● **ASSIGNMENT**
A partial copy is required: transcribe exactly the lines from the one containing "Công ty Cổ phần" through the last line below, without any pictures.

----- DATASET SECTION -----

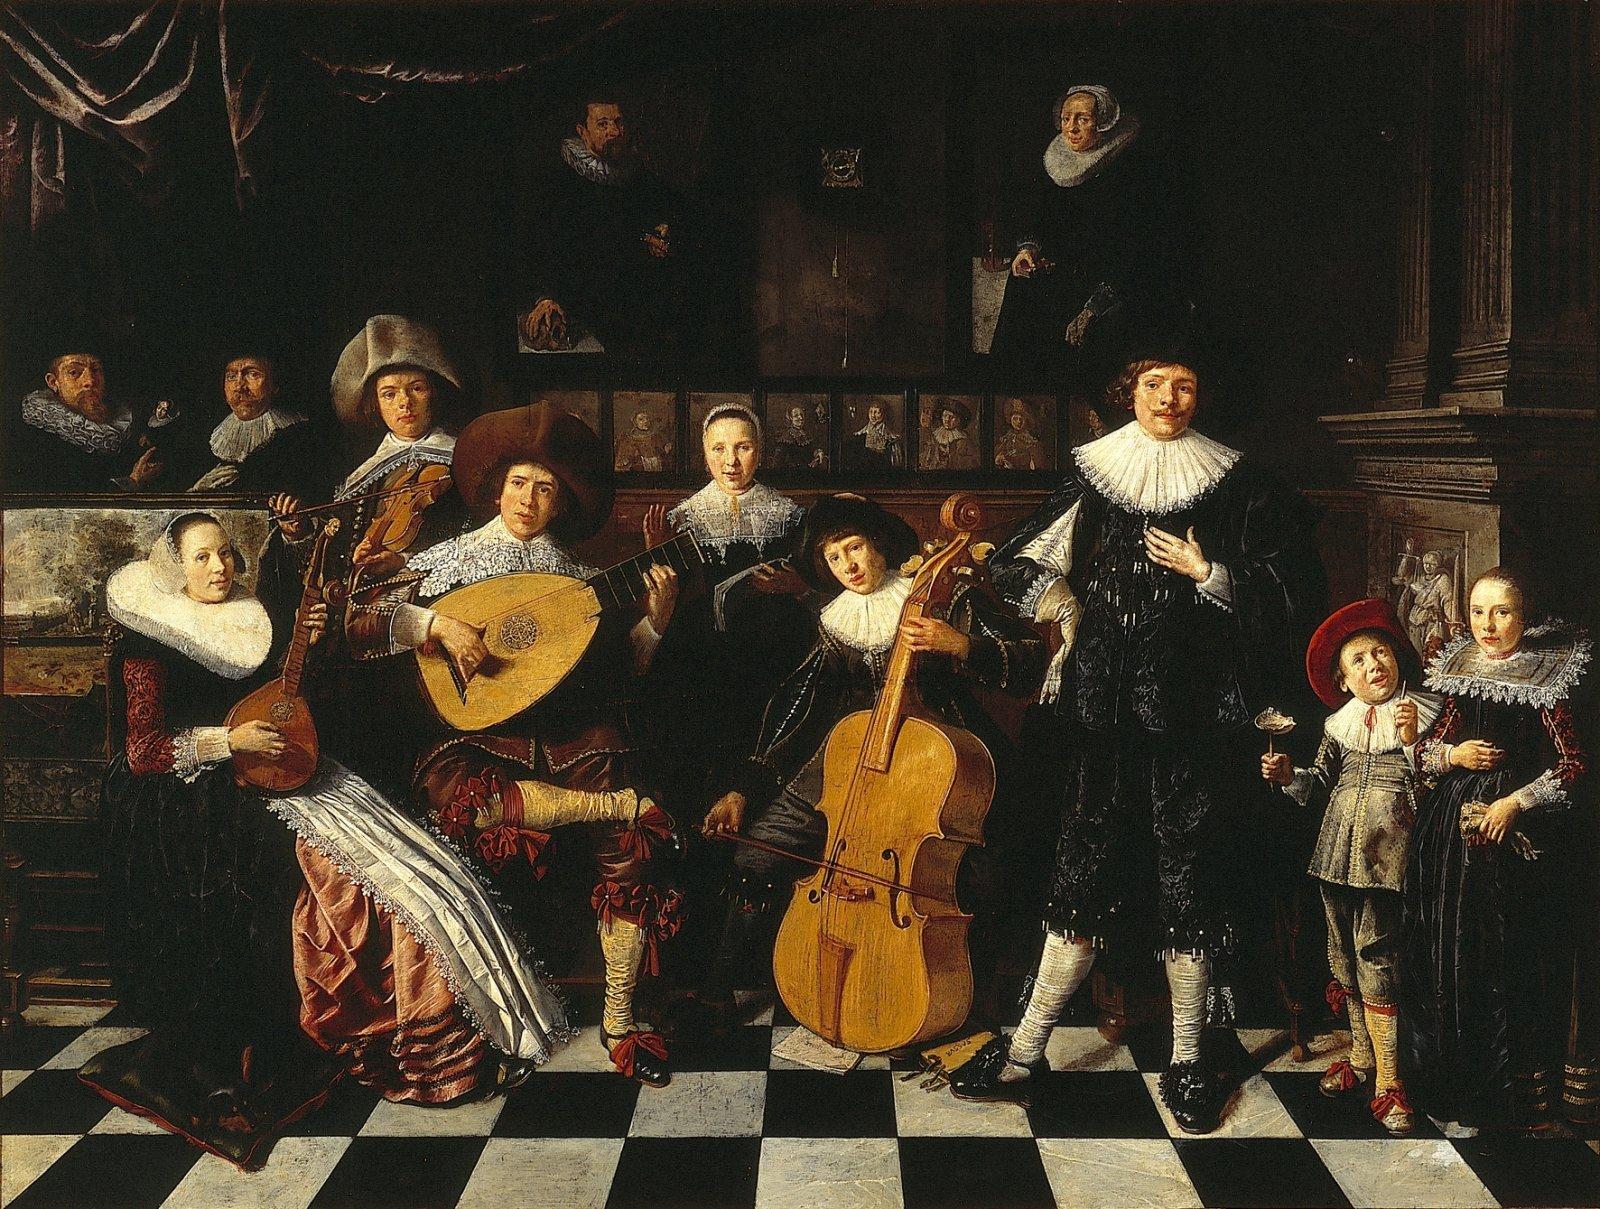 Zelfportret van Jan Miense Molenaer met zijn familie
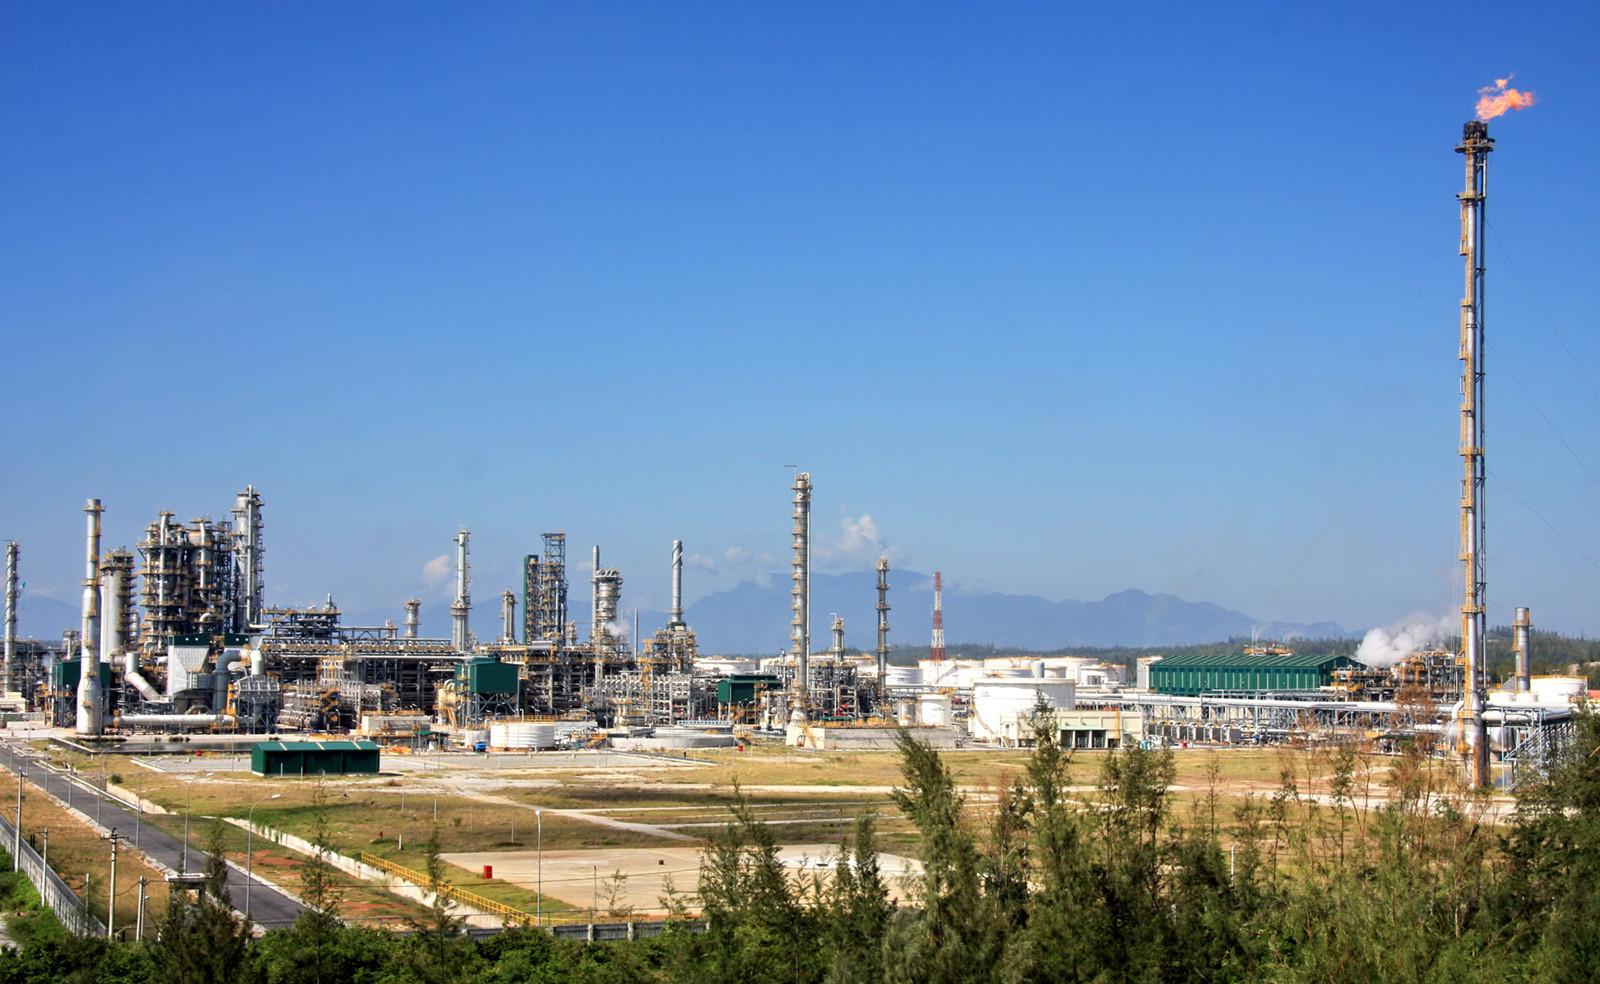 Công ty Cổ phần Lọc hóa dầu Bình Sơn mời tham dự Đại hội Cổ đông lần thứ nhất
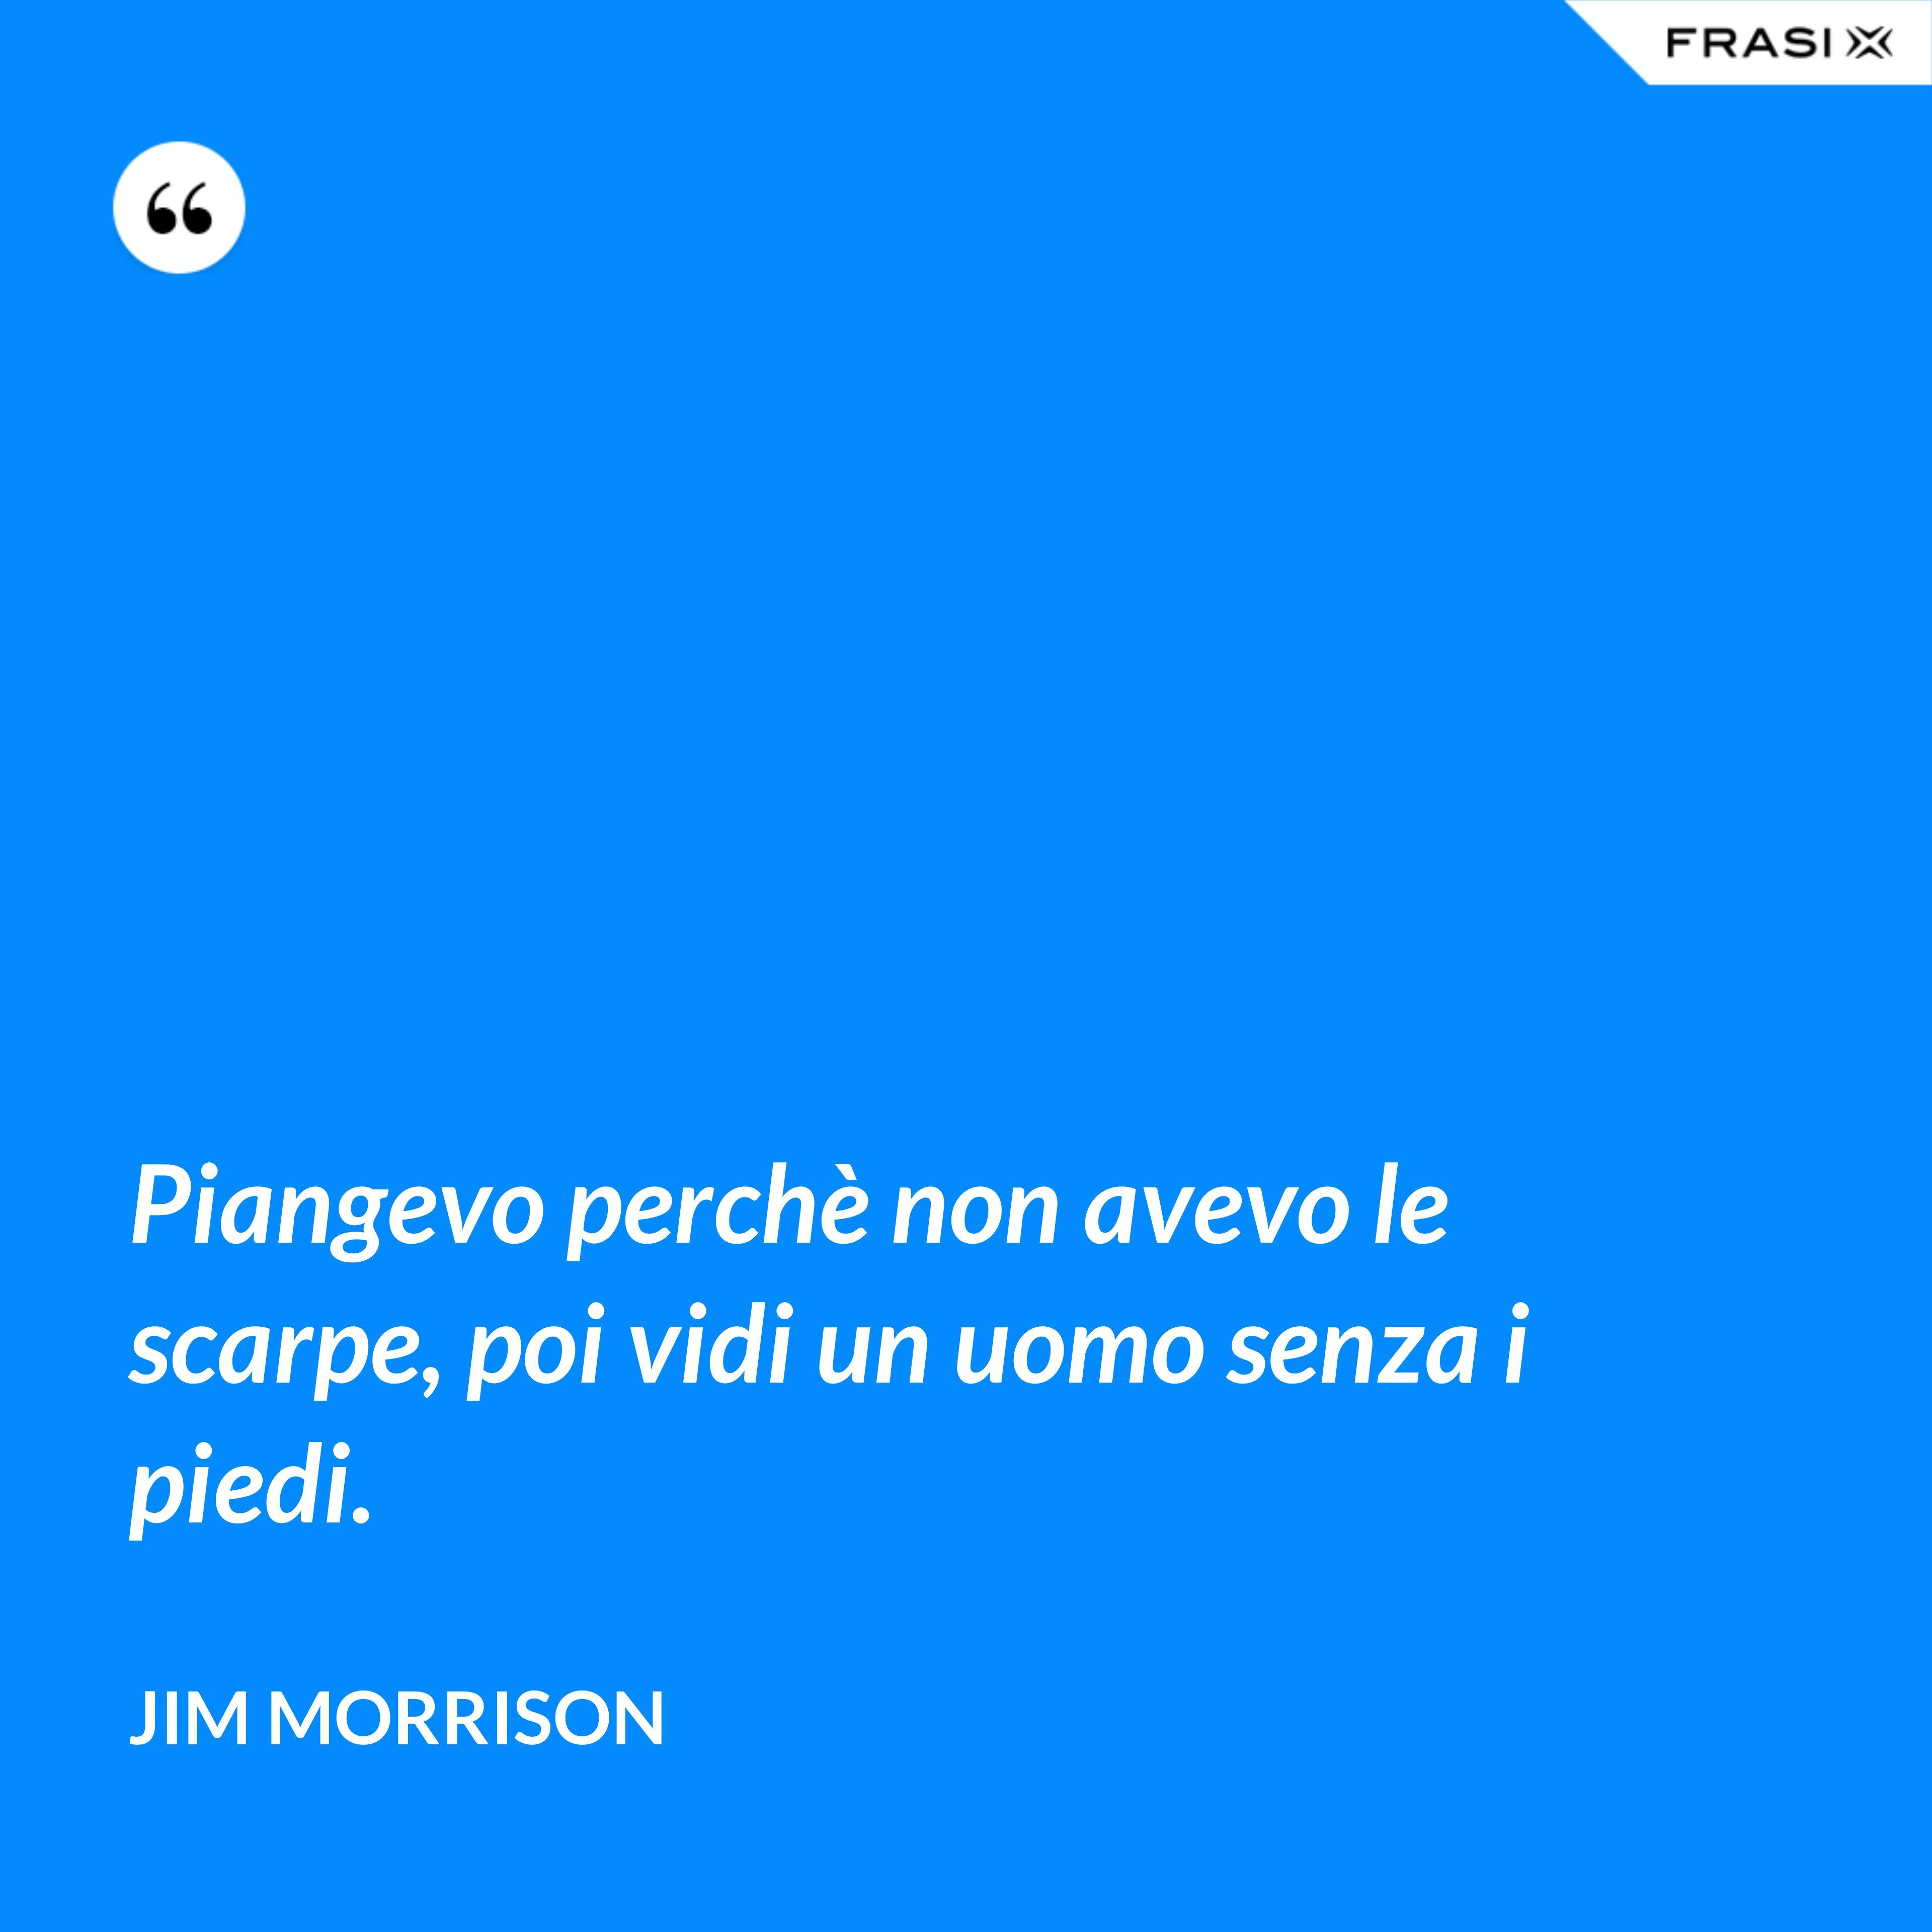 Piangevo perchè non avevo le scarpe, poi vidi un uomo senza i piedi. - Jim Morrison

-----

● **REPLY**
 Công ty Cổ phần Lọc hóa dầu Bình Sơn mời tham dự Đại hội Cổ đông lần thứ nhất
 Piangevo perchè non avevo le scarpe, poi vidi un uomo senza i piedi. - Jim Morrison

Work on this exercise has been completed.